「価値ゼロの商品や共同使用の経済空間、非市場の組織、非所有の製品の世界を限界効用理論では理解できない。」(P.279)

再び「要綱」

メイソンは「要綱」を詳しく読み直していくつかの発見をしている。そのひとつ、マルクスは機械がいつまでも使える、つまり寿命が来ないなら、という前提で未来を考えていた。つまり情報化時代にはじめて現実になったことを1858年に亡命先のロンドンのガス灯の下で書いていた。

「価値の一部が社会的知識と公共科学によって無料で投入されている機械は、労働価値説にとって異質的な概念ではない。これらは、労働価値説の中心に据えられている。

しかし。マルクスは、もし、これらが多数存在したら、労働価値説に基づくシステムを破壊させることになる、と考えた。「粉々に破壊する」と「機械についての断章」の中で述べている。」(P.284)

小括

本稿ではP.メイソンの労働価値説擁護に焦点を当てた。彼の主張は広い範囲に及んでいるが、本書の最後には未来社会の可能性とそのおおまかな姿を示すことなる。

「本書の目的は、将来の枠組みを設計すること」(P.21、プロローグ)。

それは最終章の第10章で「プロジェクト・ゼロ」という表題のもとに展開されている。なぜそう呼ぶかといえば、CO2ゼロ、限界費用ゼロ、労働時間ゼロ、を目指すからだ。経済学の未来を設計するための科学につくりかえ、しかも実行段階では「大きな話」を避け、小規模でテストしていくことを提案している。そのためには次の5つの原則を掲げる。

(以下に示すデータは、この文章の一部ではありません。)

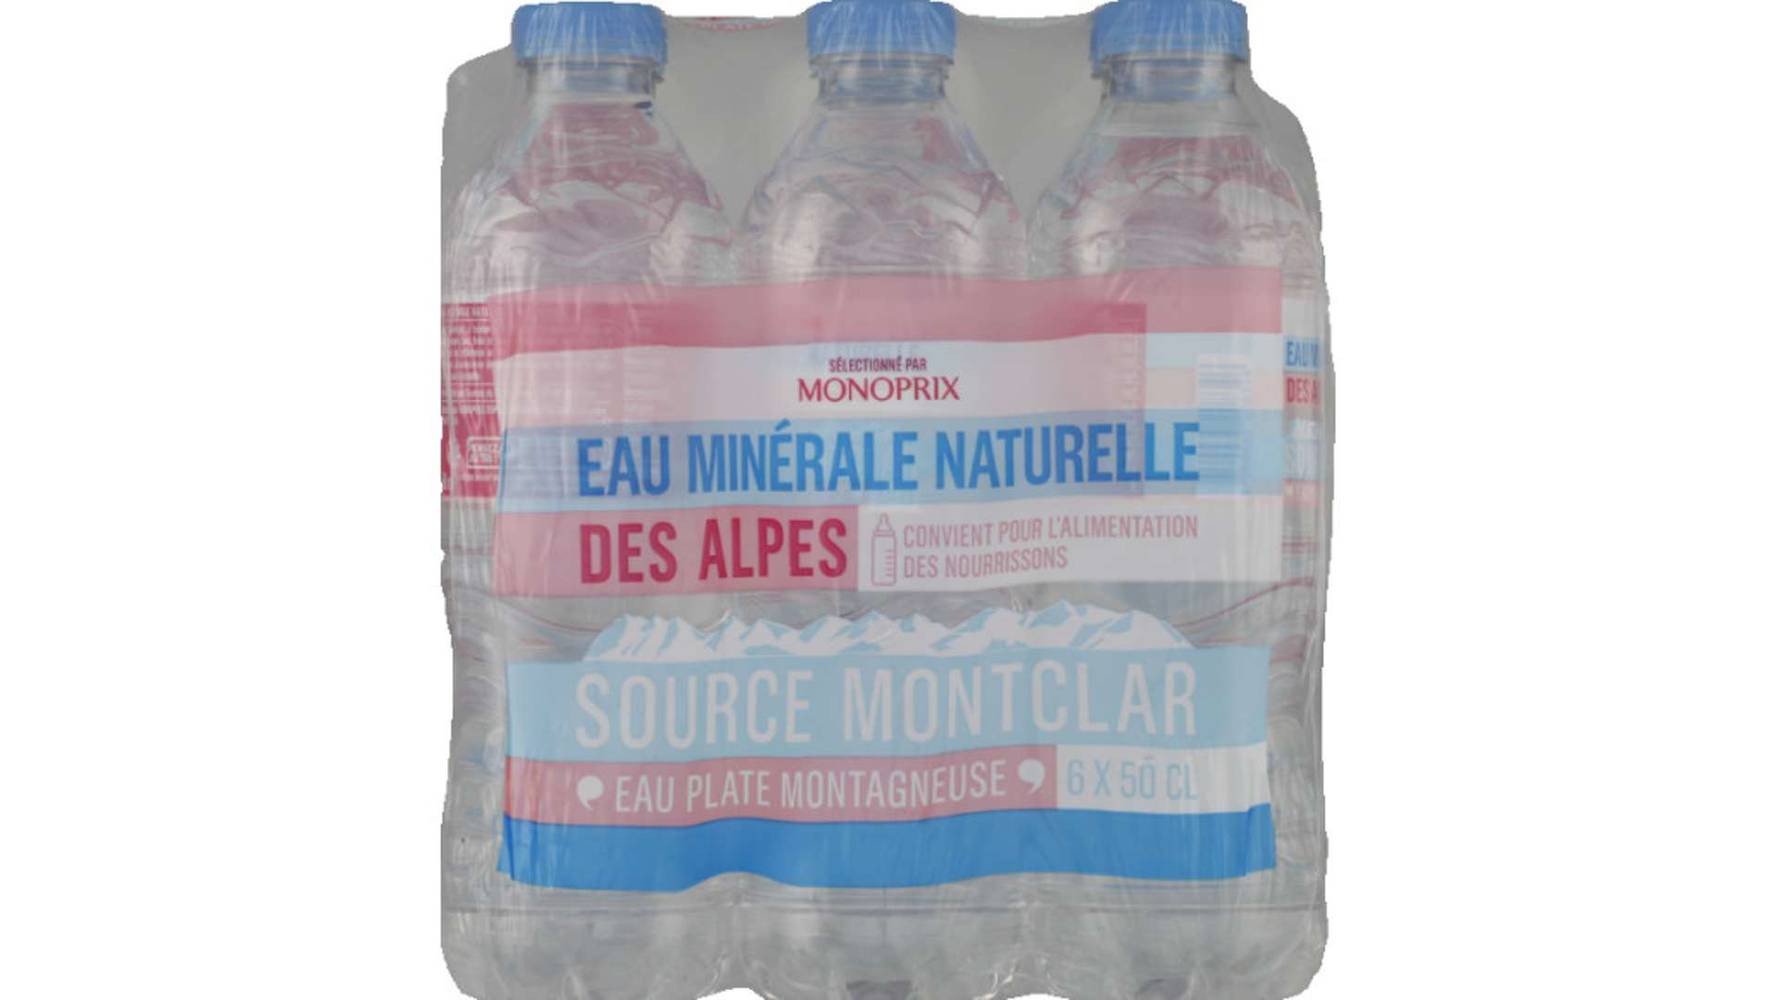 Monoprix Eau minérale des Alpes source Montclar Les 6 bouteilles de 50 cl
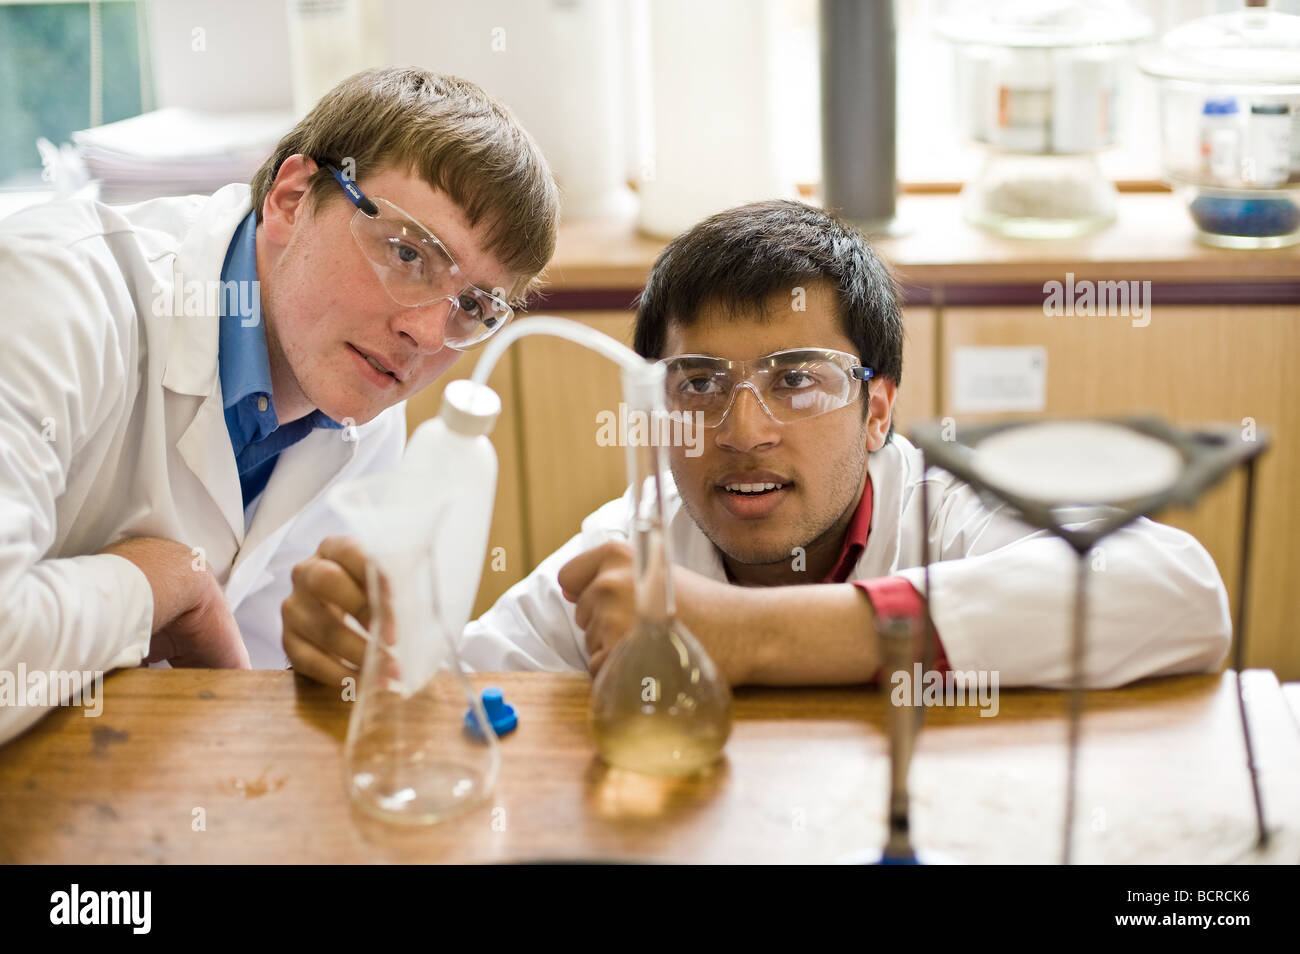 Escuela británica Inglaterra Educación de la Escuela Gramática - dos estudiantes varones que derraman líquido en un experimento en un laboratorio de ciencias de la escuela. Foto de stock

人間の意志力には限界がある。 生態学的持続可能性 経済の移行だけでなく、人間の移行でもなければならない あらゆる方向から問題に取り組む。変化の担い手は国家や企業だけでなく、個人や普通の集団もそうである

私(評者)は『The NEXT』で中間領域の様々な組織に注目しているが、上記の主張と共有部分がある。メイソンが信用組合や協同組合などに期待を抱いているのはリフキンからの継承であるが、私も同意する。

情報力を最大限に生かす。つまりIoTの利用だ。それは知識を社会化することである。